In discrimination law, it is standard to use inferences as affirmative proof rather than expect direct evidence:

“Direct evidence of a decision to discriminate on racial grounds will seldom be forthcoming. Usually the grounds of the decision will have to be deduced, or inferred, from the surrounding circ*mstances. […] Members of racial groups need protection from conduct driven by unrecognised prejudice as much as from conscious and deliberate discrimination.”(House of Lords – Swiggs and Others v. Nagarajan, 1999)

In leading jurisdictions, it has been settled jurisprudence for decades that different treatment (including compared to how another would be treated) and racial difference indicate possible racial discrimination. In such circ*mstances, adjudicators expect the respondent to convincingly explain. Unless they do, discrimination is legitimately inferred, as a matter of “almost common sense”. (May L.J. inNorth West Thames Regional Health Authority v Noone: CA 1988) Such a conclusion should be reached “on the balance of probabilities, bearing in mind the difficulties which face a person who complains of unlawful discrimination.” (Neill L.J. inKing v. Great Britain-China Centre[1991] I.R.L.R. 518, cited by House of Lords – Strathclyde Regional Council v. Zafar, 1997)

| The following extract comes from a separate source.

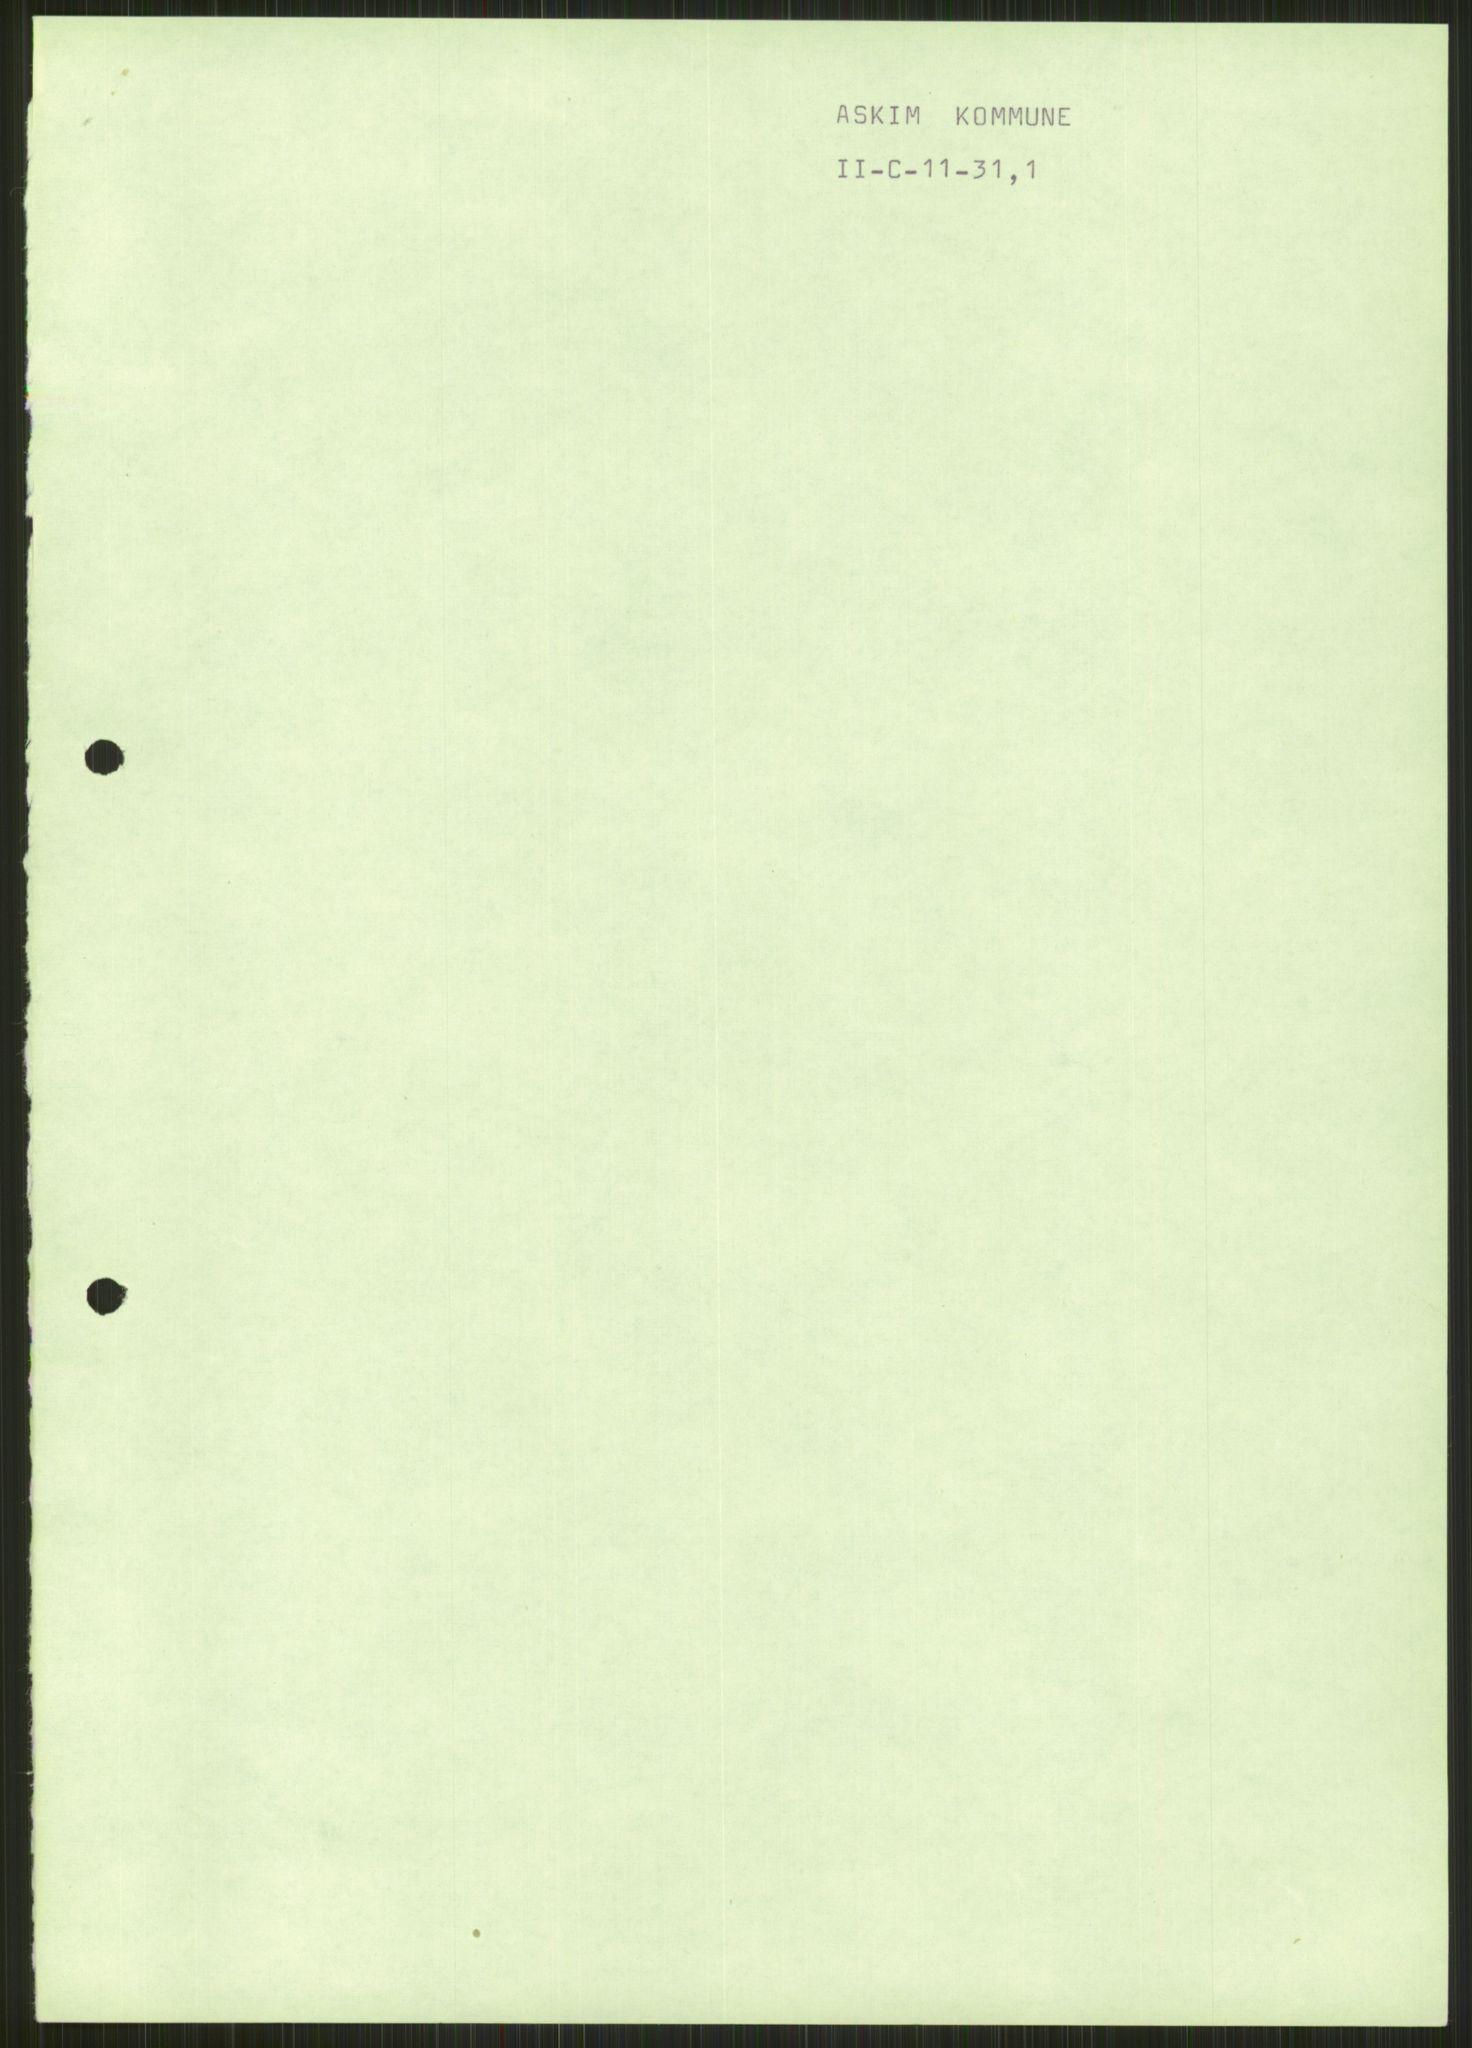 RA, Forsvaret, Forsvarets krigshistoriske avdeling, Y/Ya/L0013: II-C-11-31 - Fylkesmenn.  Rapporter om krigsbegivenhetene 1940., 1940, s. 24

(While some of these judgments pertain to employment, the principles are equally valid for service provision and many other areas under EU law. There is no reason not to apply them to all non-criminal cases.)

The Court has yet to adopt these standards. It routinely recalls it is hard for States to prove racial motives in crime (ex., M. and Others v. Italy and Bulgaria, §176), but has not recognised it is harder for victims, for non-criminal acts too. In J.I., the Court does not mention the shifting burden of proof, which should invariably apply in discrimination cases. It ignores the intervener’s hypothetical-comparator suggestion and the systemic issue – authorities tending to disregard violence against women amongst Roma.

The Court overlooks its jurisprudence as a source on this general issue. In M. and Others (cited), the respondents defended their omission to investigate alleged rapes of a Roma girl within a Roma family, referencing a ‘specific’ ‘context of a Roma marriage’ involving payment for the bride in exchange for ‘consummation’. (§§92-3, 123, 135, 137) The Court explicitly discarded this ‘Roma custom’ justification, finding an Article 3 procedural violation. (§105-7) In J.I., it drew no conclusions from that illustration of official tendencies to normalise rather than investigate intracommunity Roma girls’ abuse attributed to Roma culture.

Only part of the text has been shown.